• _TASK STATEMENT_:
From the line containing "Property logo or" to the line containing "Brooks Women's Ghost" in the entries below, reproduce every line exactly, ends included. Nothing else belongs in the copy, and no pictures.

• _DATA EXTRACT_:
******

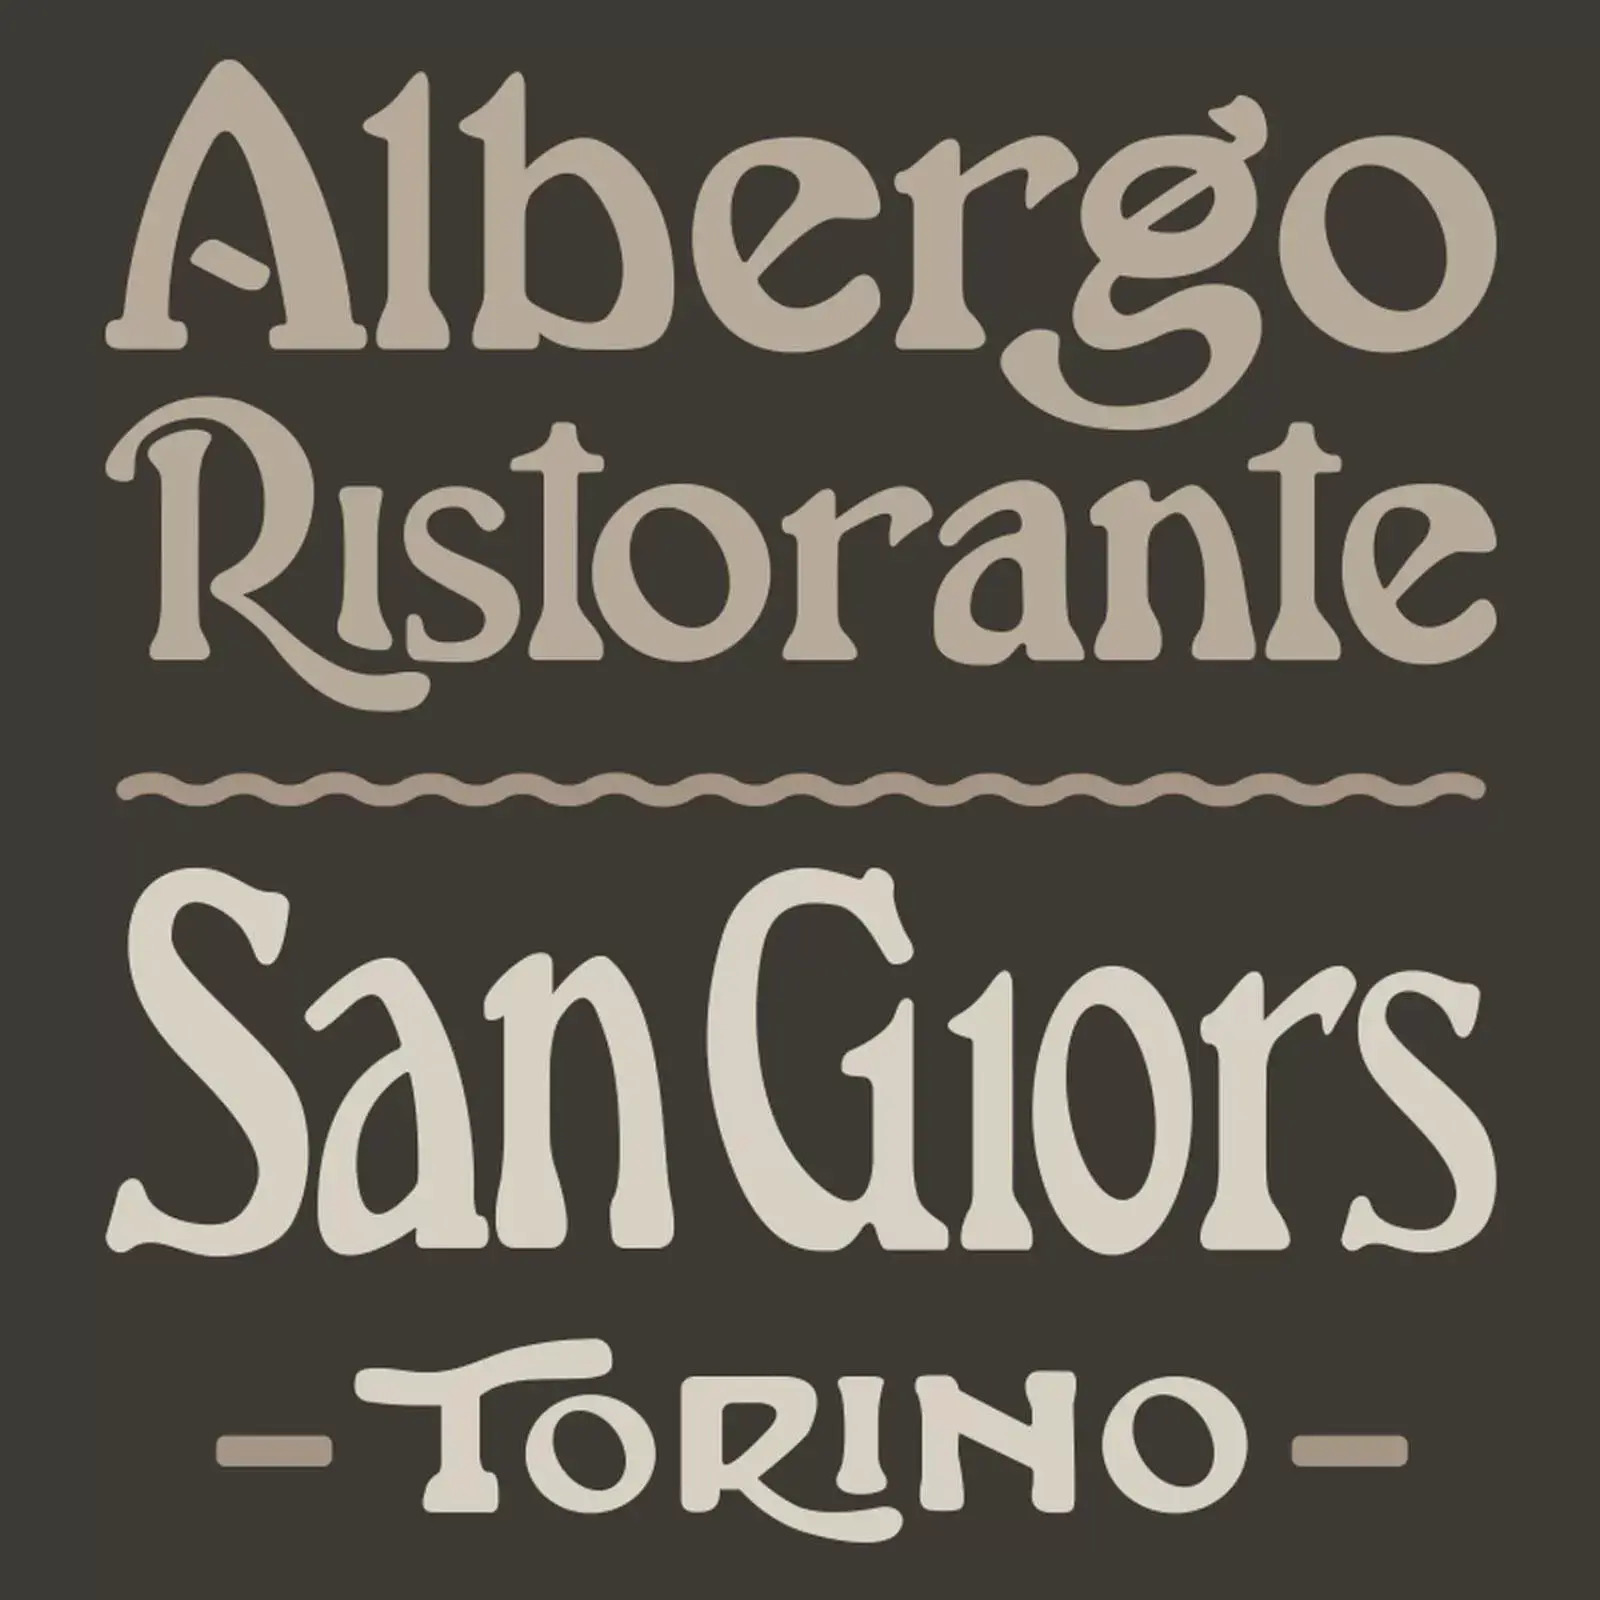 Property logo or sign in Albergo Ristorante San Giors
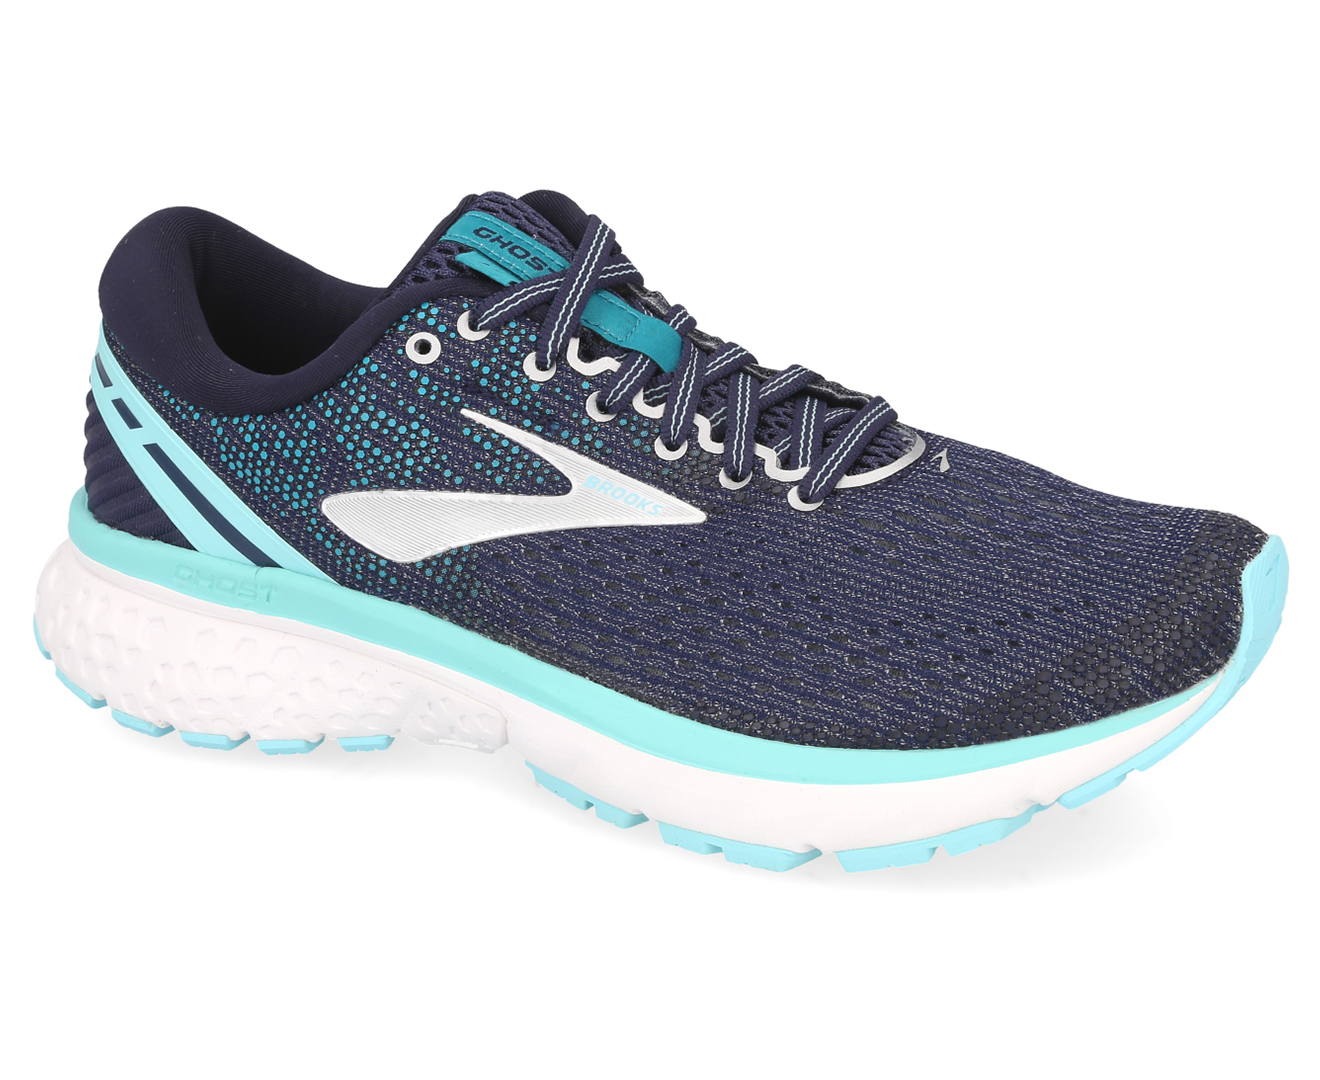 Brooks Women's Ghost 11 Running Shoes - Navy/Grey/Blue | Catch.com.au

******

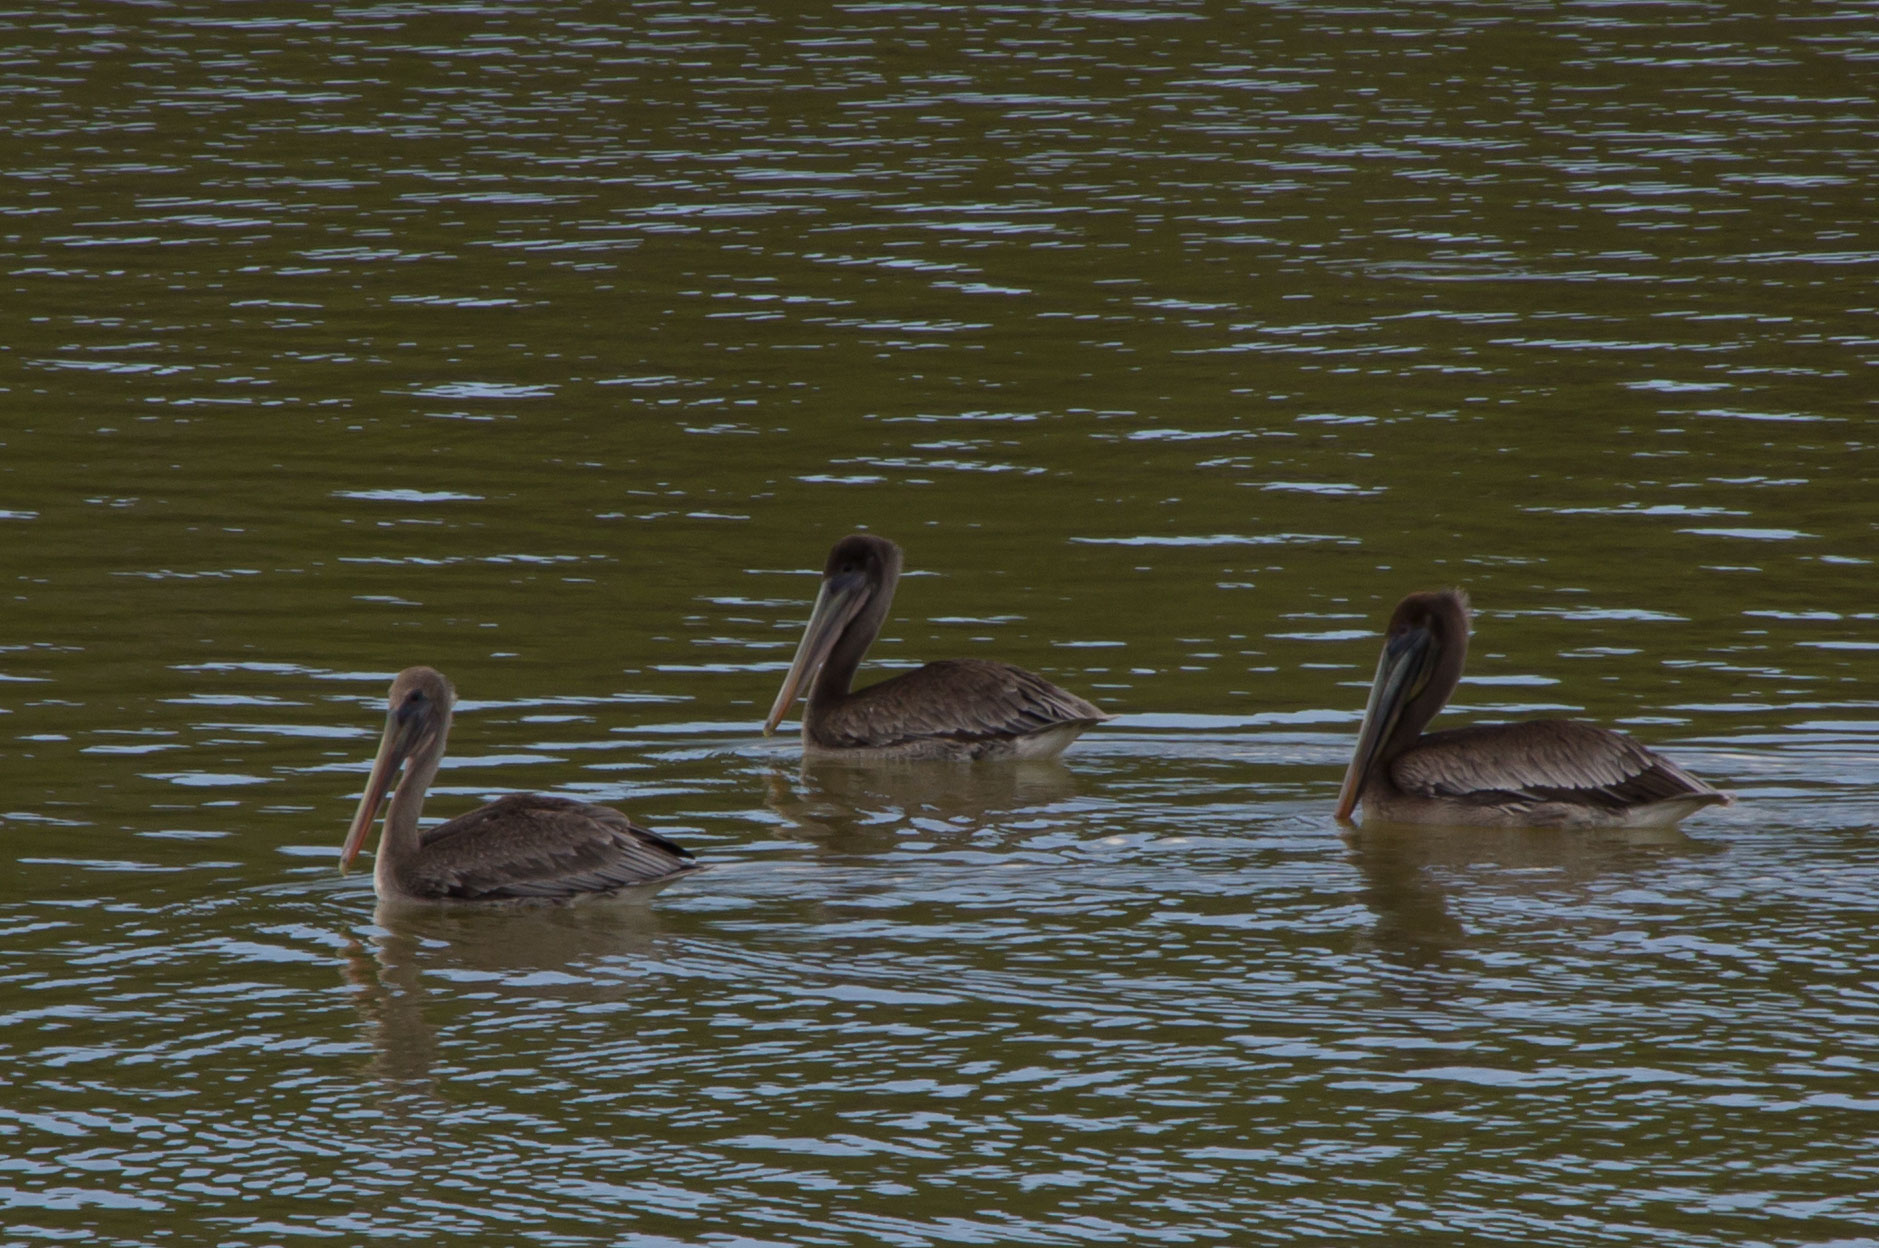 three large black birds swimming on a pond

******

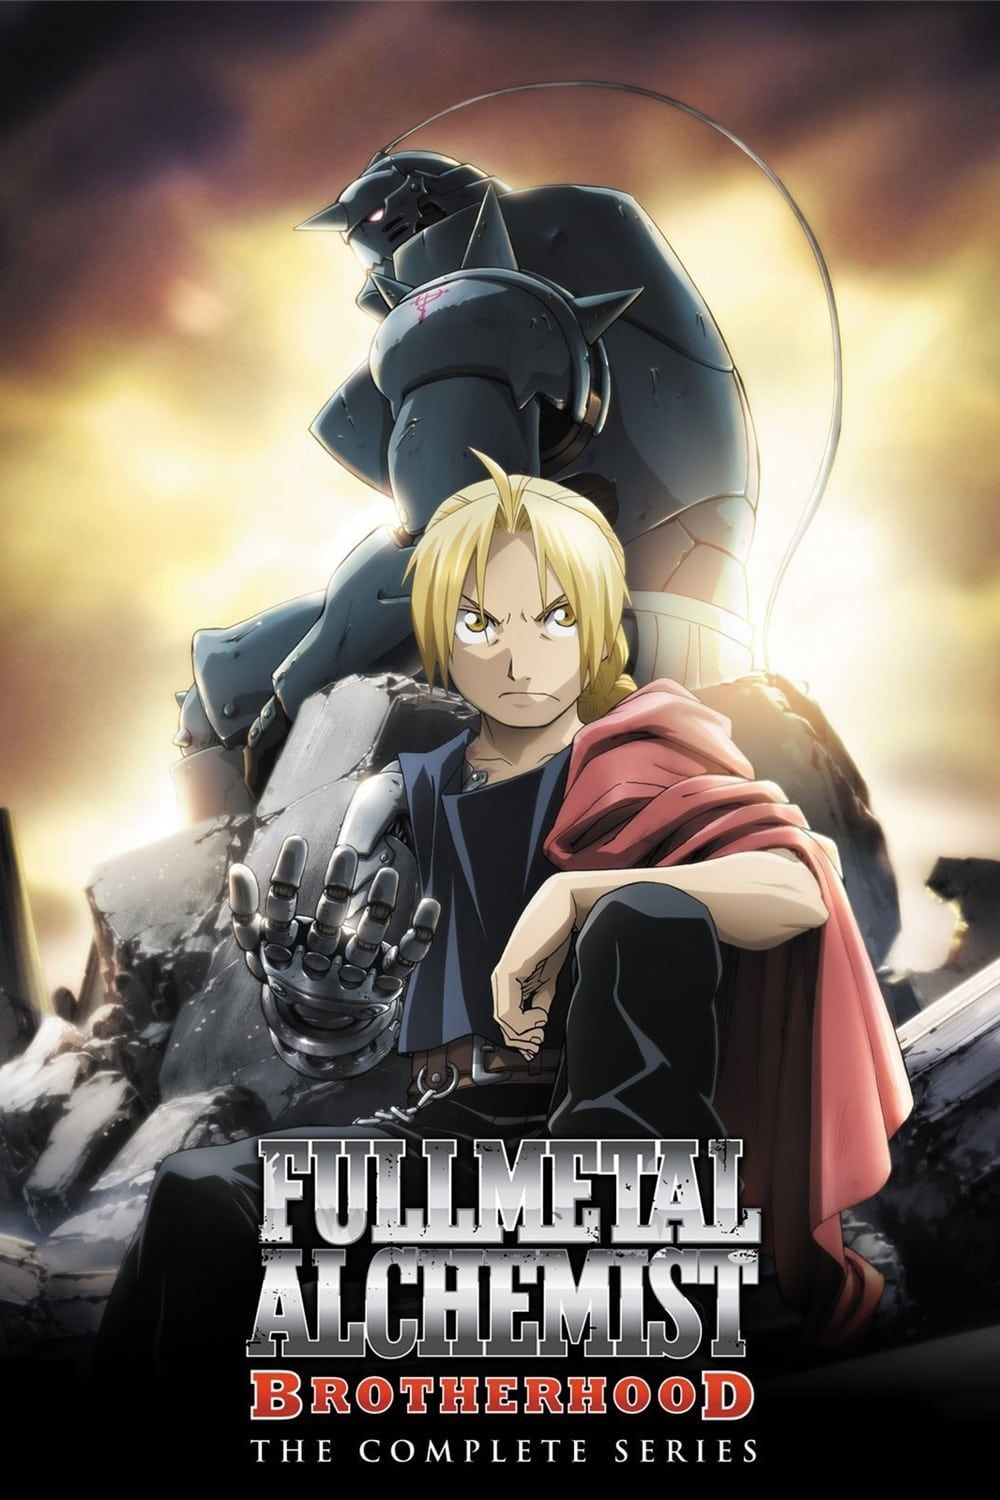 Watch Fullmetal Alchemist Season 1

******

• _RESULT FOR THIS TASK_:
 Property logo or sign in Albergo Ristorante San Giors
 Brooks Women's Ghost 11 Running Shoes - Navy/Grey/Blue | Catch.com.au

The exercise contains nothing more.